I was looking forward to my day, riding Balius, my beautiful young grey horse. I had asked Richard to make sure he was shod in readiness for my return, and I planned a long, solitary ride up to the loch and perhaps over the hills to the sea. I felt like I needed some time on horseback out in the fresh air to think about all the things I had seen and learned in Germany. Riding in an arena was brilliant to shut out distractions and focus on technical details, but it wasn’t the same as being out in the open, at one with the countryside and your steed. Tomorrow I would take him over to my friend, Linda, who owned a riding school a couple of miles away. It was Linda who had recommended the riding centre on the outskirts of Munich, where I had gone for the last month, and there were so many things that I wanted to discuss with her. I had also carried back letters and parcels from her friends there and had bought her a couple of German books on dressage. She would be my link with what I already knew and what I had just learned. 

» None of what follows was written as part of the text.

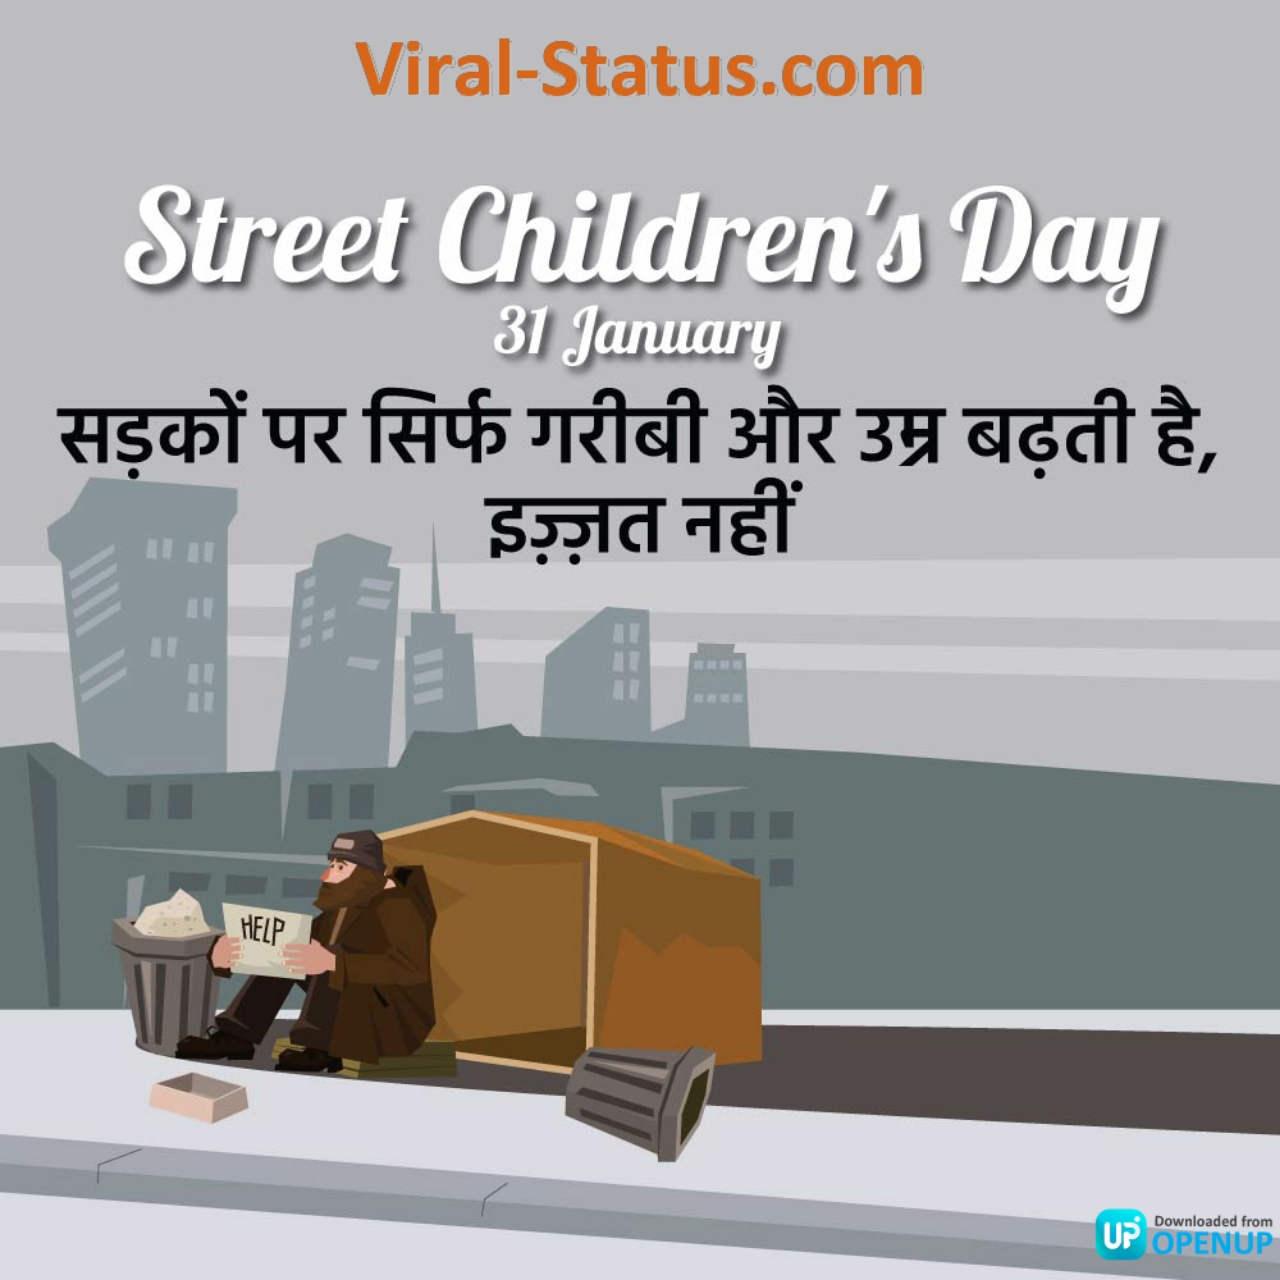 national street children's day

I wanted to talk to her about buying a dressage horse. Of course, there was no way I could afford to go to the prestigious spring horse sale at Verden where they got the most amazing prices for world-class horses, but Linda would be able to help me find something like that in England. I thought we might go off in the horse box and drive around the country looking at horses along the way. I had the inkling of an idea now of the direction in which I wished to go, but I couldn’t do it on my own.